The iteration is started by using $g^{(0)}=1$ and then computing $g^{(1)}$, $g^{(2)}$, etc. After a few iterations it should be obvious what $g(x)$ is.

 

[Sunny29]

It is easy to show that the equation can be transformed to the form
$$g(t)=1+\int_0^t g(\tau)d\tau$$,
where
$$g(t)=e^{-t}f(t)$$.

The equation can as mentioned before be transformed to a differential equation. A more simple way is however to solve it directly by iteration, i.e.
$$g^{(n)}(t)=1+\int_0^t g^{(n-1)}(\tau)d\tau$$.
The iteration is started by using $g^{(0)}=1$ and then computing $g^{(1)}$, $g^{(2)}$, etc. After a few iterations it should be obvious what $g(x)$ is.

Dear,
Could you please solve the complete answer step by step? I am having difficulty in understanding.
Thanks..!

 

[eys_physics]

As, I understand it is against the rules at this forum to give a complete answer to the problem. You need to show the work you have done.
But, if you tell me which step you don't understand I will be happy to help. So, which step do you don't understand?

 

[Sunny29]

As, I understand it is against the rules at this forum to give a complete answer to the problem. You need to show the work you have done.
But, if you tell me which step you don't understand I will be happy to help. So, which step do you don't understand?

okay no problem. you just tell me how you write the first step and how you put the 1.?

 

[eys_physics]

okay no problem. you just tell me how you write the first step and how you put the 1.?

You have the equation
$$f(t)=e^t+e^t\int_0^{t}e^{-\tau}f(\tau)d\tau\quad (1)$$

Do you understand how to go from Eq. (1) to
$$g(t)=1+\int_0^{t}g(\tau)d\tau\quad (2) $$,
where $g(t)=e^{-t}f(t)$ ?

 

[Sunny29]

You have the equation
$$f(t)=e^t+e^t\int_0^{t}e^{-\tau}f(\tau)d\tau\quad (1)$$

Do you understand how to go from Eq. (1) to
$$g(t)=1+\int_0^{t}g(\tau)d\tau\quad (2) $$,
where $g(t)=e^{-t}f(t)$ ?

No, i can't understand how to go from Eq 1. to Eq 2.
Also, i am bit confusing between "Tau" and "t"

 

[eys_physics]

Multiply both sides of Eq. (1) by $e^{-t}$ and then simplify. What do you get?

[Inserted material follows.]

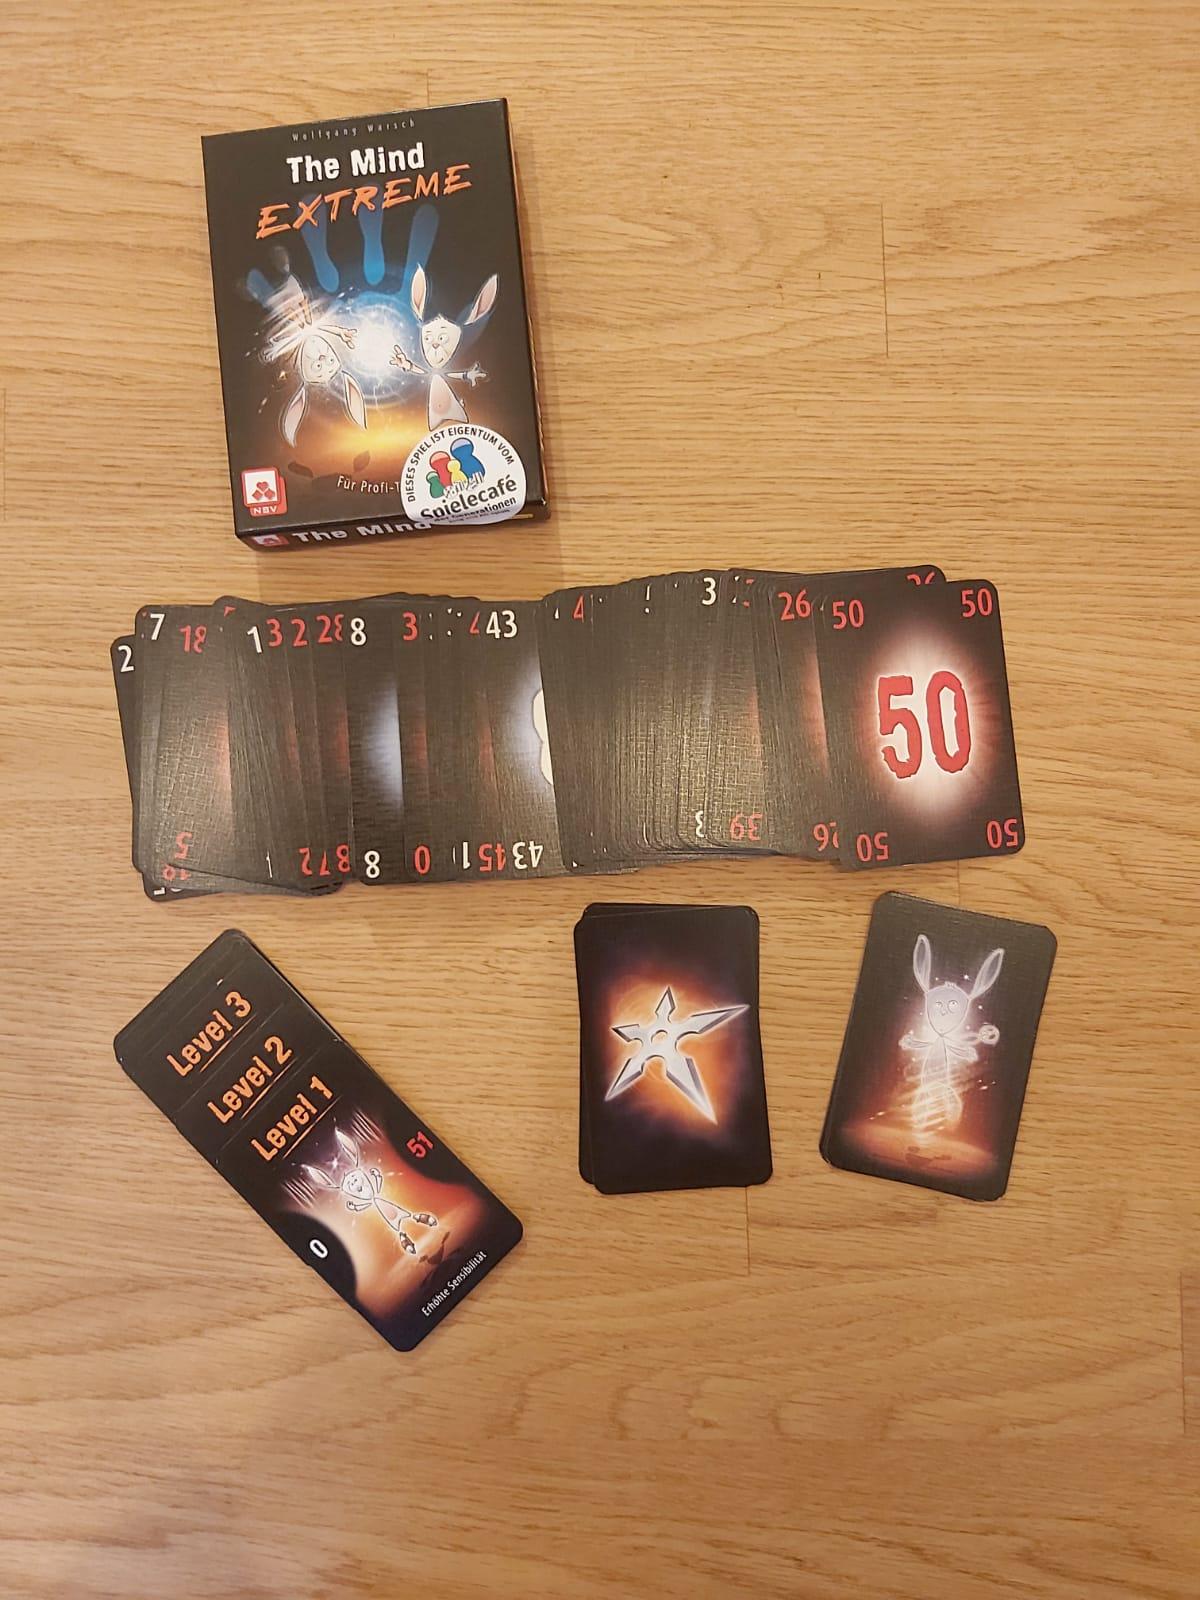 Zu sehen sind die Verpackung von The Mind Extreme sowie alle zum Spiel gehörenden Spielkarten.
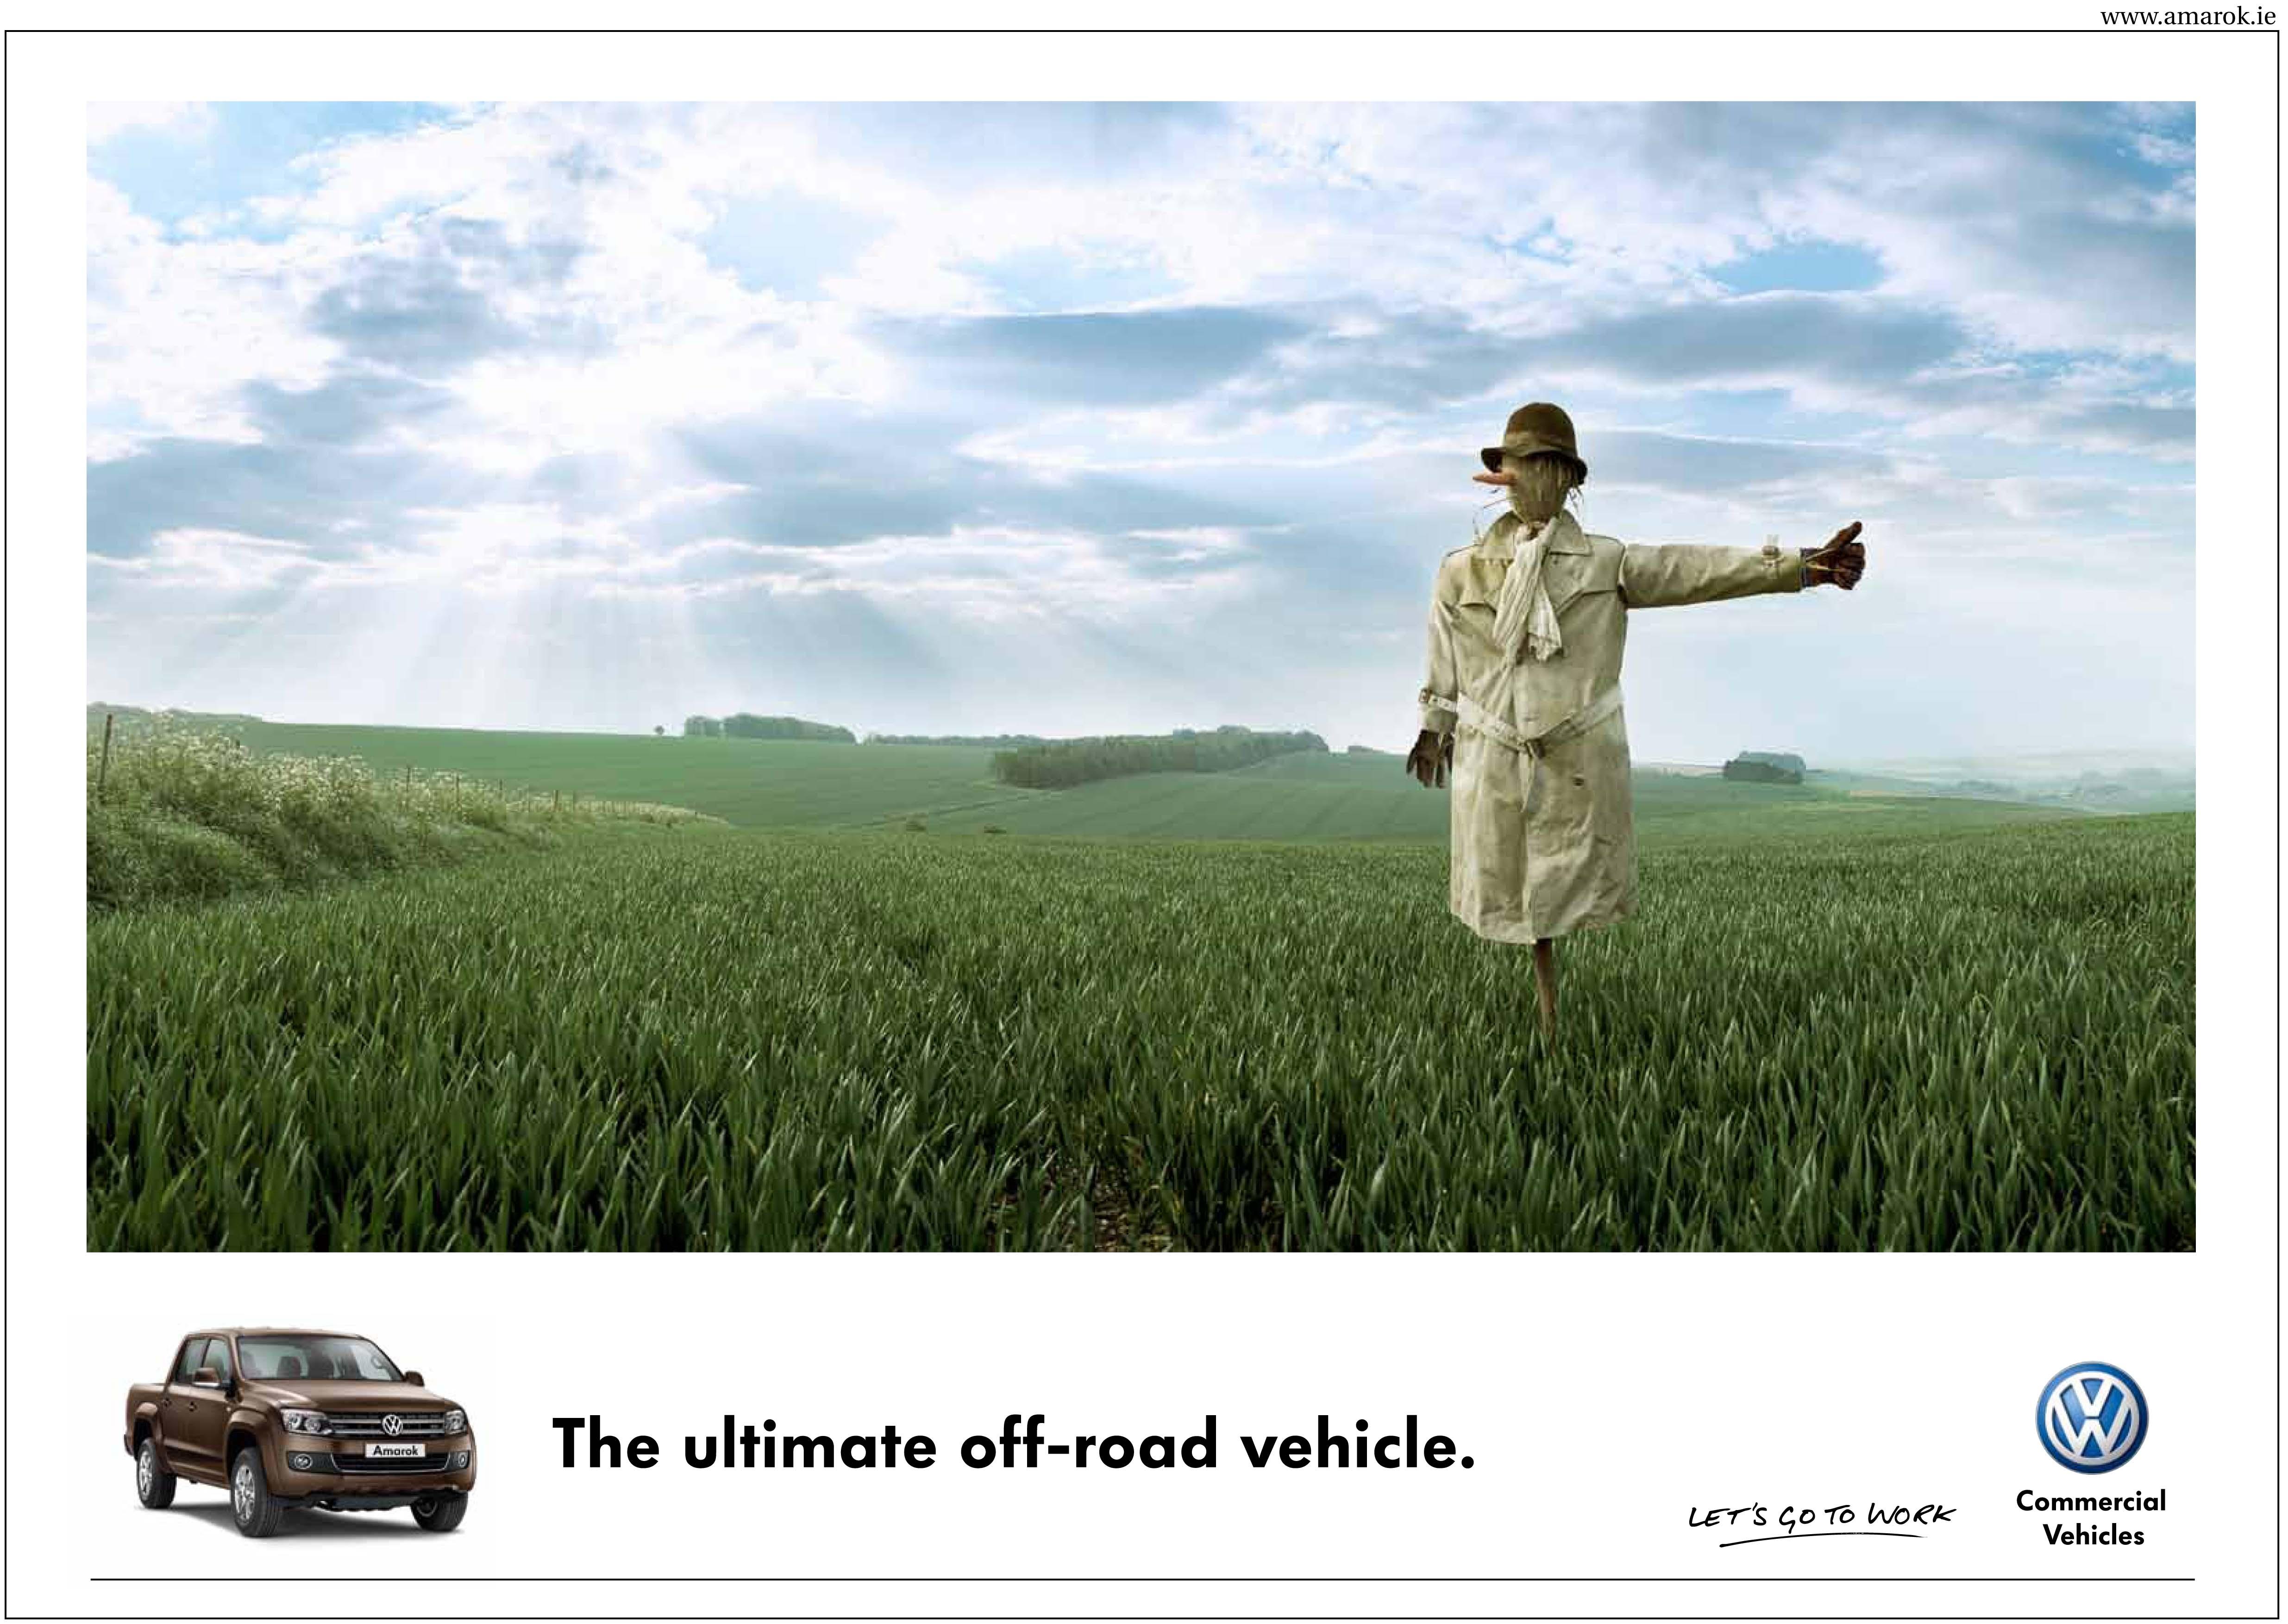 Print Ad Volkswagen Scarecrow

Both $t$ and $\tau$ are variable. For each value of $t$ we have one a left-hand side an integration from $0$ to $t$. Therefore, to not mess things up we need to introduce an integration variable called $\tau$. Obviously, the name of the variable is arbitrary.

 

[Sunny29]

Multiply both sides of Eq. (1) by $e^{-t}$ and then simplify. What do you get?

Both $t$ and $\tau$ are variable. For each value of $t$ we have one a left-hand side an integration from $0$ to $t$. Therefore, to not mess things up we need to introduce an integration variable called $\tau$. Obviously, the name of the variable is arbitrary.

yes i have got. now what is after the iteration step? g(x)=?

 

[eys_physics]

yes i have got. now what is after the iteration step? g(x)=?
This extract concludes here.